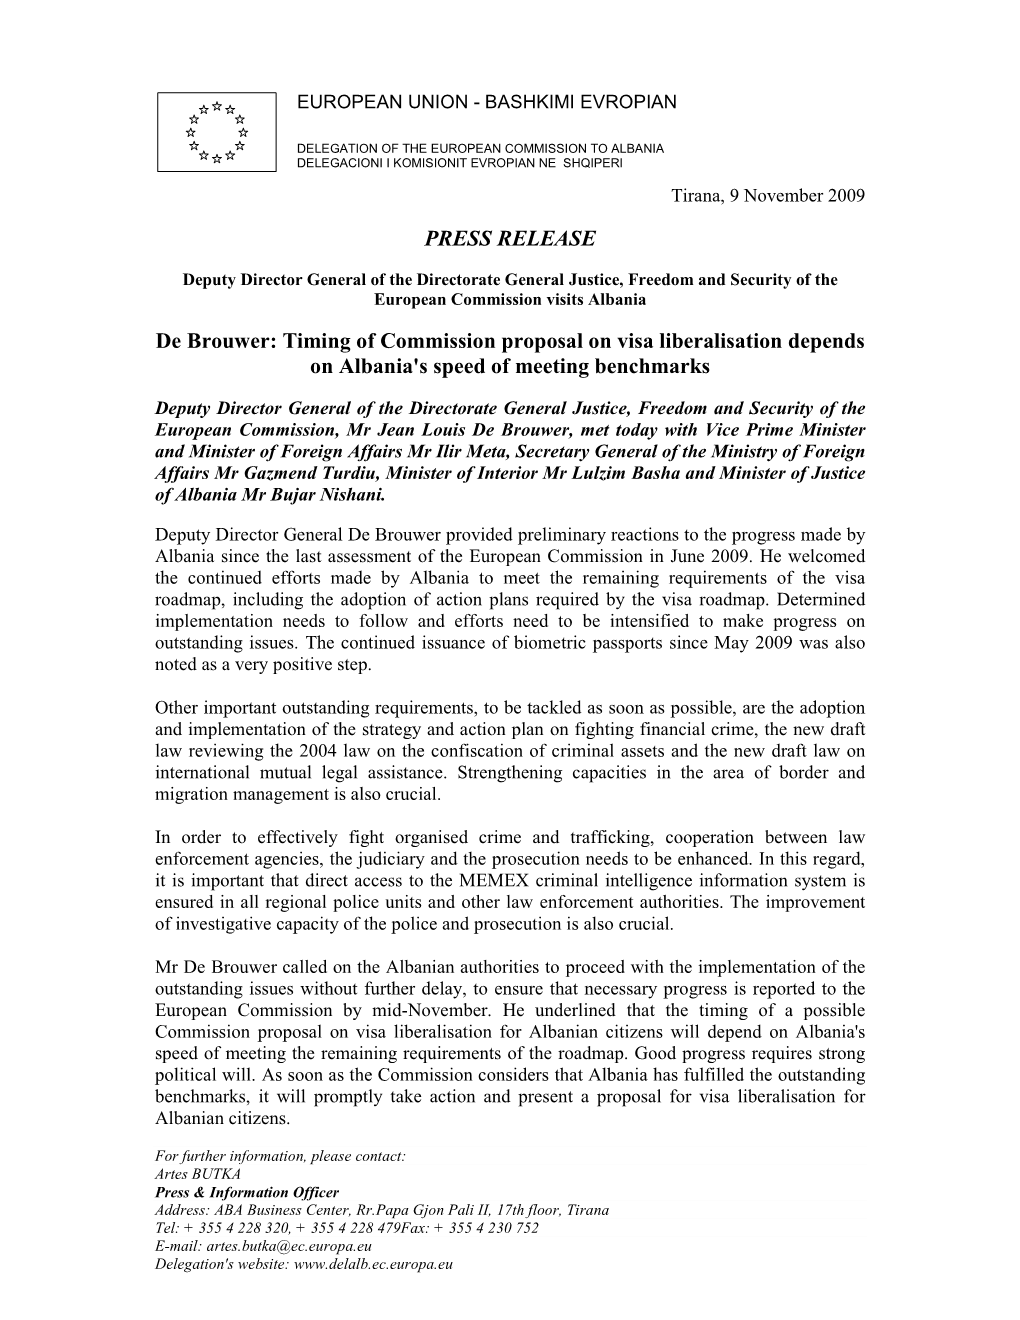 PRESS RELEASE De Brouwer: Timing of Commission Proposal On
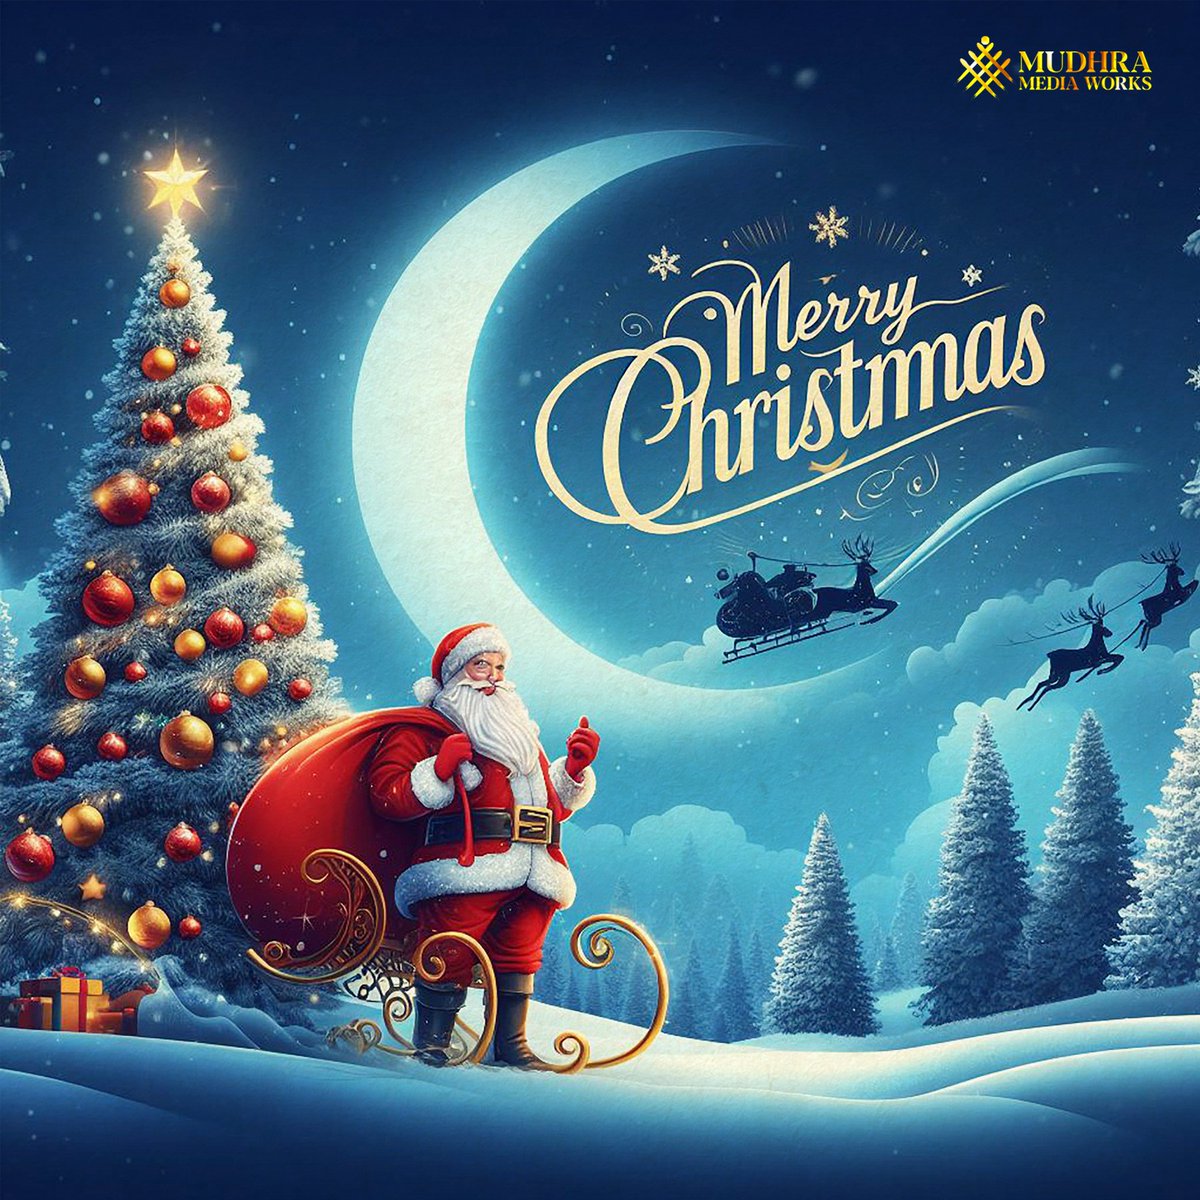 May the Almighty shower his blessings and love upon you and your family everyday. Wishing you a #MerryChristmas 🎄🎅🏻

* * *

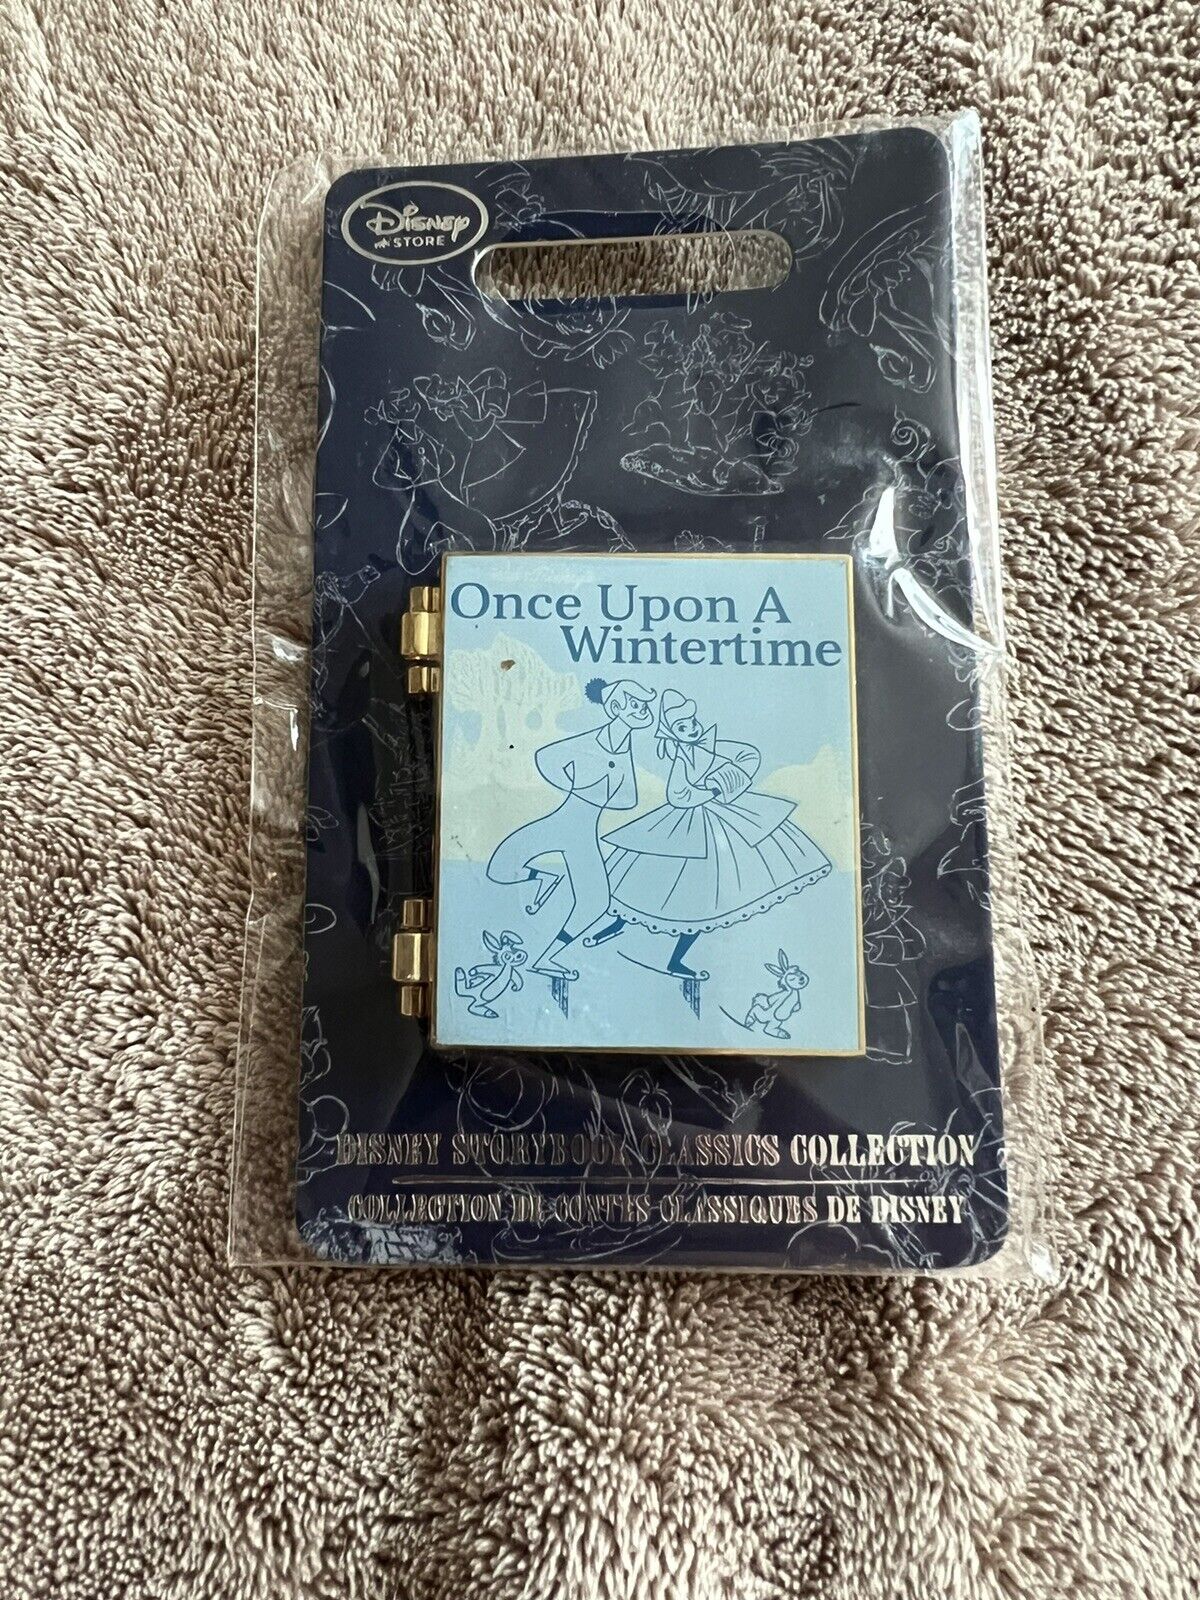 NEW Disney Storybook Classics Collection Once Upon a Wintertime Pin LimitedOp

---

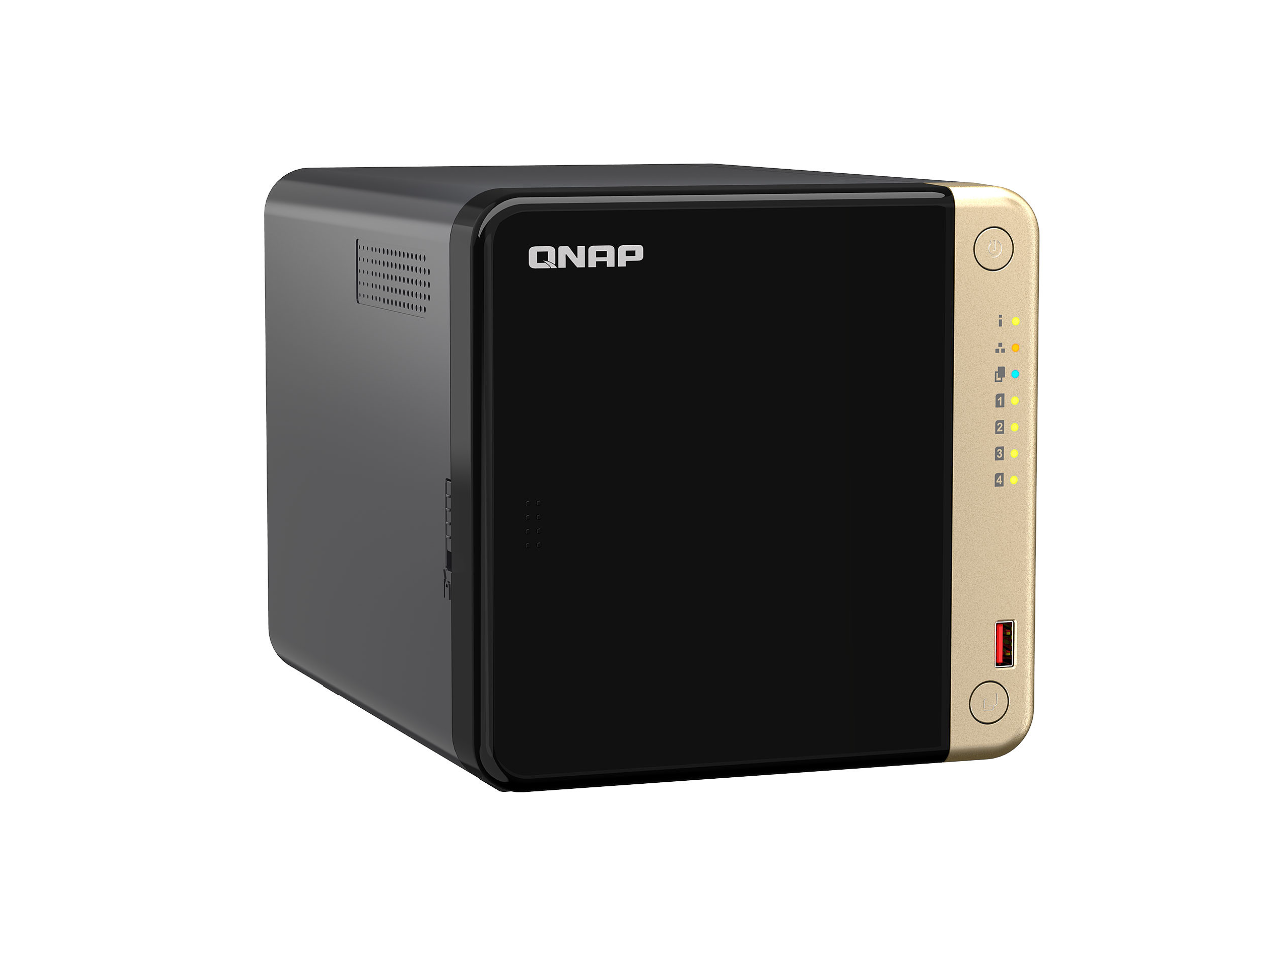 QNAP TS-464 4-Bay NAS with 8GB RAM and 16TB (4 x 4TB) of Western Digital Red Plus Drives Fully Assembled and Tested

> TASK PROMPT
Repeat only the stretch of data above that runs from the line with "PRESS RELEASE De" to the line with "May the Almighty". Keep both end lines; exclude pictures.

> SOLUTION FOR THIS PROBLEM
 PRESS RELEASE De Brouwer: Timing of Commission Proposal On
 May the Almighty shower his blessings and love upon you and your family everyday. Wishing you a #MerryChristmas 🎄🎅🏻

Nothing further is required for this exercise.